Posted: 07/10/2012 3:55 pm

"The most obvious, ubiquitous, important realities are often the ones that are the hardest to see and talk about." - David Foster Wallace

In other words: What we think we know for sure is often bizarrely wrong.

Here's an example: Have a blueberry muffin with your latte this morning? Or sneak a chocolate chip cookie during your work break? Dip your carrots in ranch dressing during the game? Or have a bowl of angel hair pasta for dinner? Living inside all of these products is an ingredient that would cause us to hesitate before the next bite -- if we only knew its source. Of the 79 billion eggs laid in the U.S. last year, over one-third are used as ingredients in the food all of us buy every single day. And 95% of the egg ingredients that end up in our food come from female chickens that are confined in battery cages, small wire enclosures that afford each hen a space smaller than a single sheet of letter-sized paper. It's an outdated and inefficient system -- and it's invisible.

See, eggs serve a functional purpose in our food: They make our muffins plump, help our dressings hold together, enable our cookies not to crumble too easily. But, cruelty feeds and thrives on all this abstraction. Empathy depends on us to consciously take the invisible, and make it real. Our consumption of eggs, in many ways, represent the manifestation of the problem. Something that impacts our health (cholesterol), degrades our local and global environment (GHG emissions and waste runoff), and erodes our collective values (see definition of compassion) operates much like the old fish in the water tale: Two young fish are swimming along and happen to meet an older fish swimming the opposite way. The older fish says: "Morning, boys, how's the water?" And the two young fish swim on for a bit, and then eventually one of them looks over at the other and goes: "What the hell is water?"

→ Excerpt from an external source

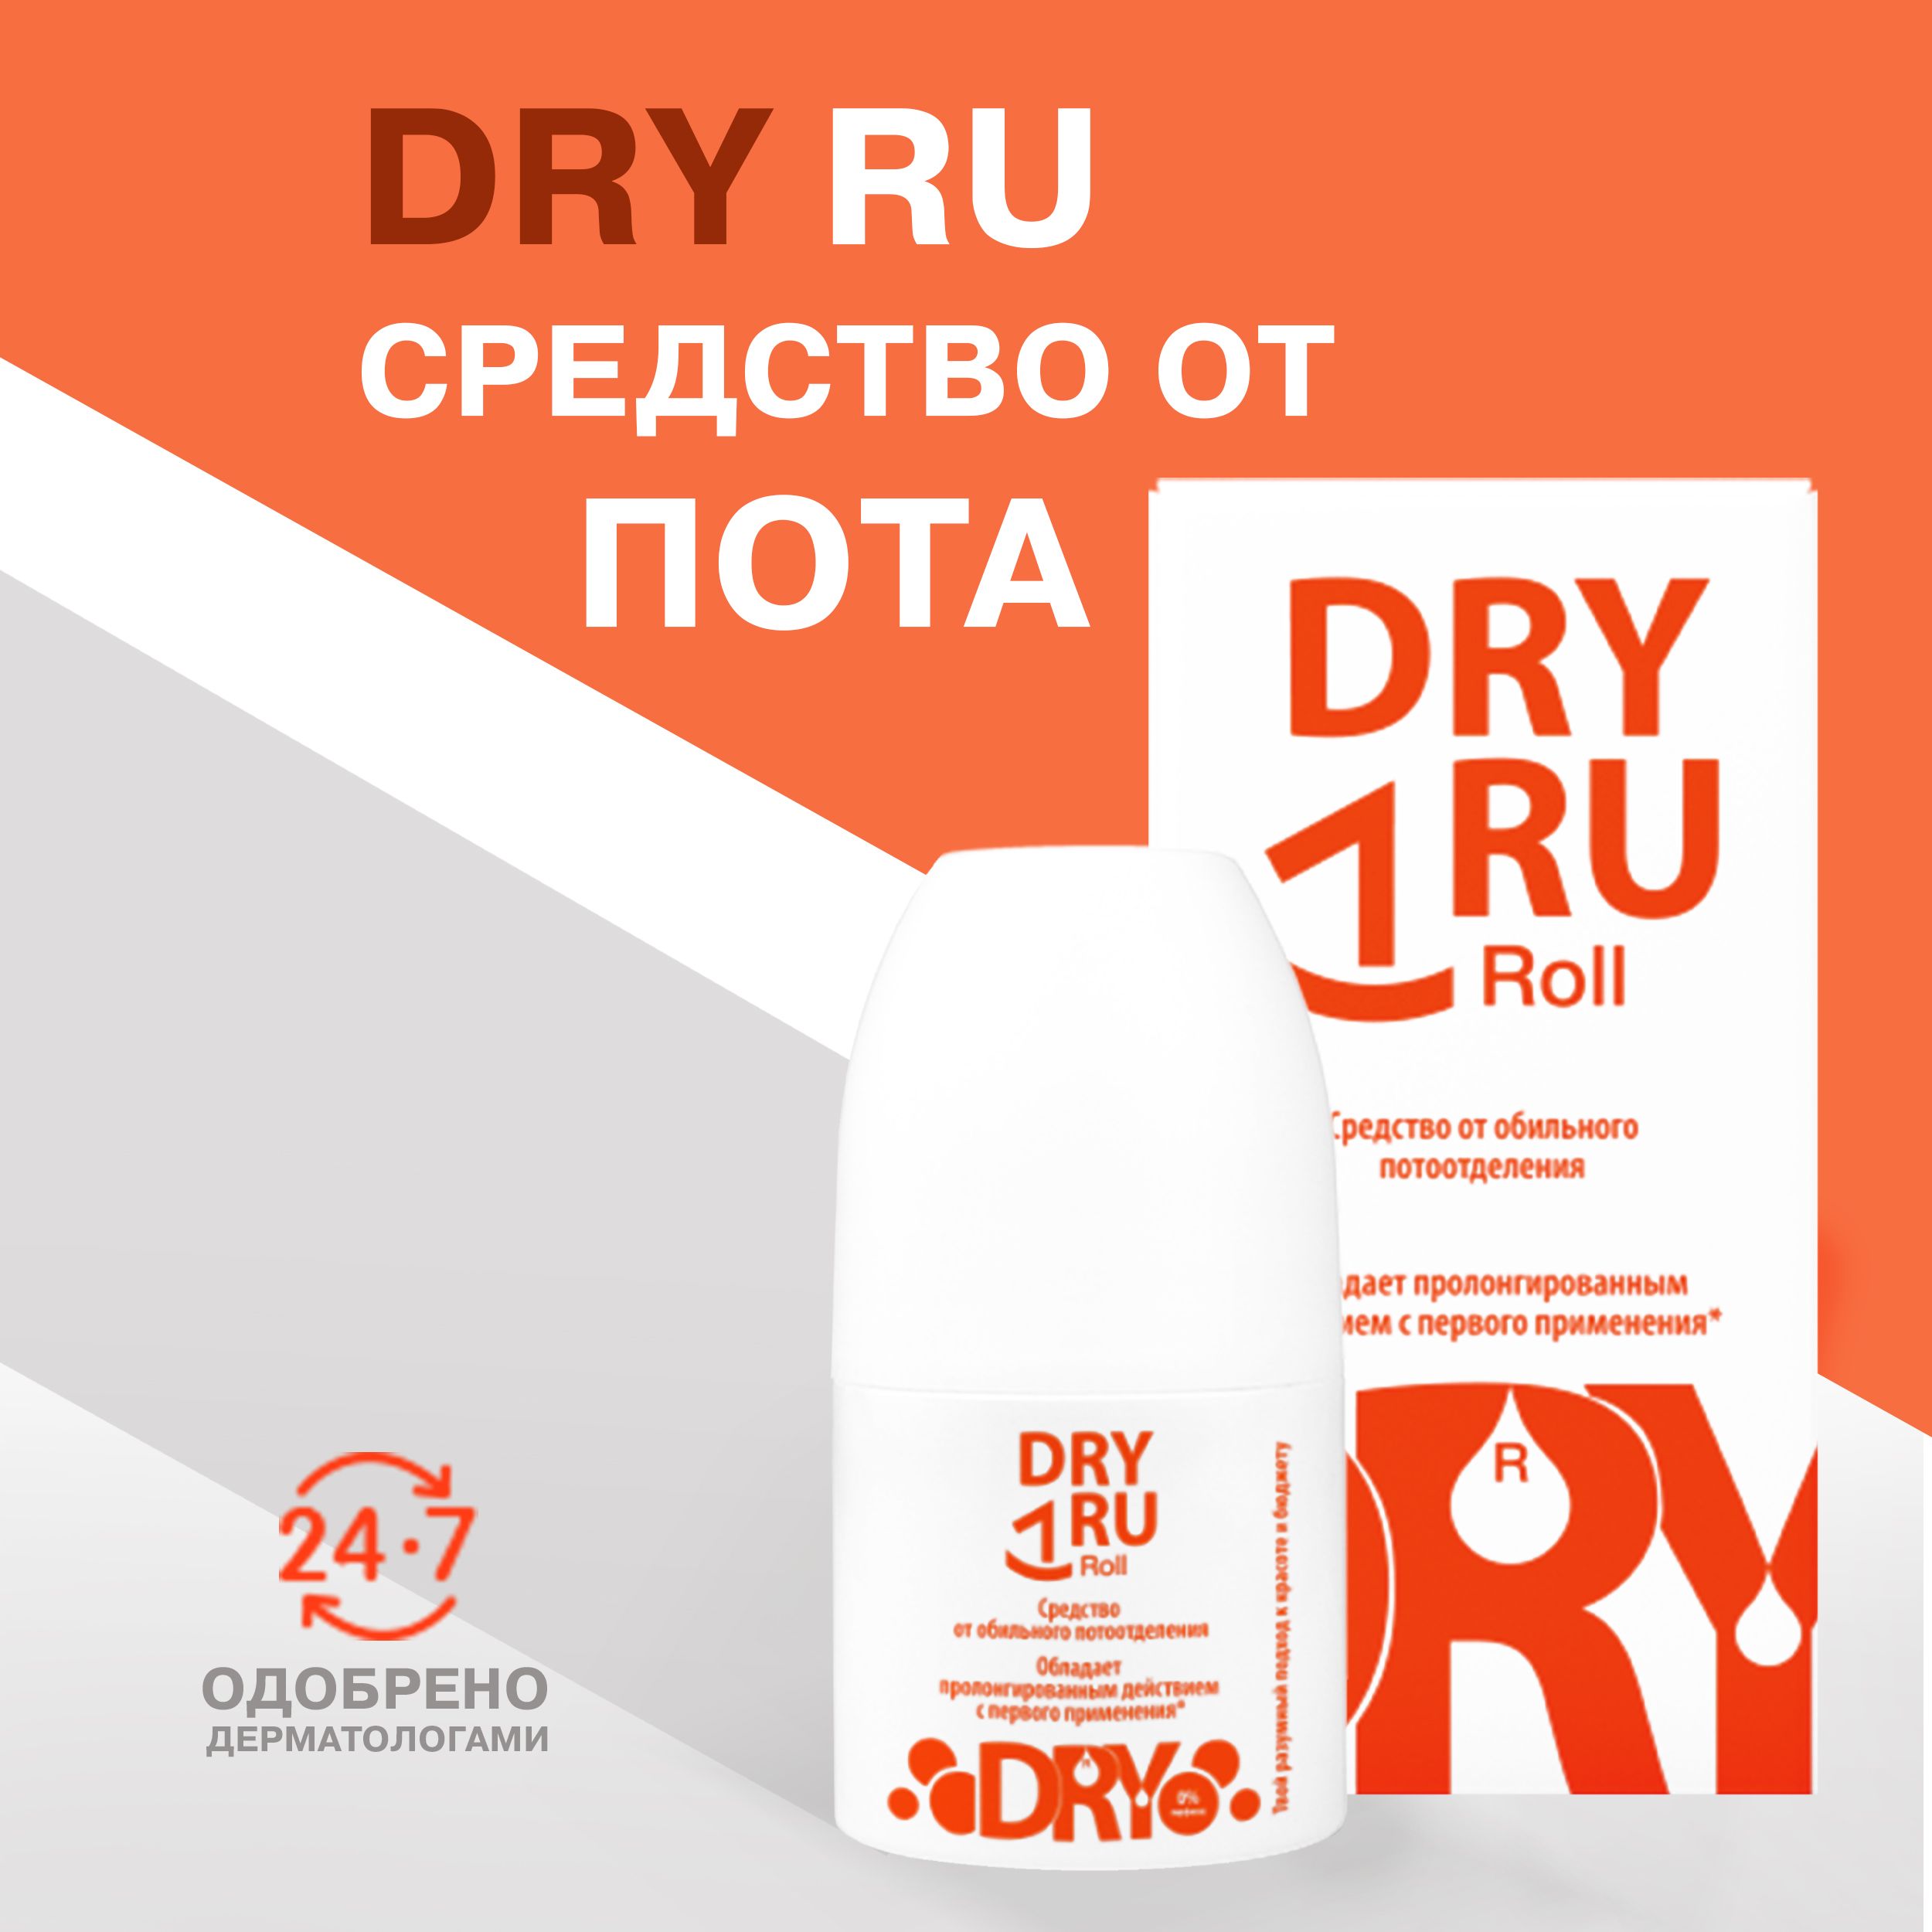 Dry ru отзывы. Dry ru Roll. Драй ру ролл. Dry ru. Small Dry Roll.

A few more things to consider before reaching for that egg-soaked cookie next to you:

-- If we're only eating eggs (and their ingredients) from female chickens, it's worth asking: What happens to all the male chicks? All of them, over 250 million a year, are destroyed. Some are suffocated in plastic containers; others are tossed into a wood-chipping-like machine.

-- Last year, half a billion eggs were recalled because of food poisoning.

-- Female chickens might never feel the sun or touch the soil.

So, what to do? Eat fewer eggs and less food with egg ingredients. Seek out plant-based products that take the animals (and the cholesterol) out of the equation. And, finally, send a note to your representative in Congress to support H.R. 3798, legislation that would make the lives of laying hens just a bit better.

This system of animal farming craves our ignorance -- but it also fears our empathy. Which one will you give them?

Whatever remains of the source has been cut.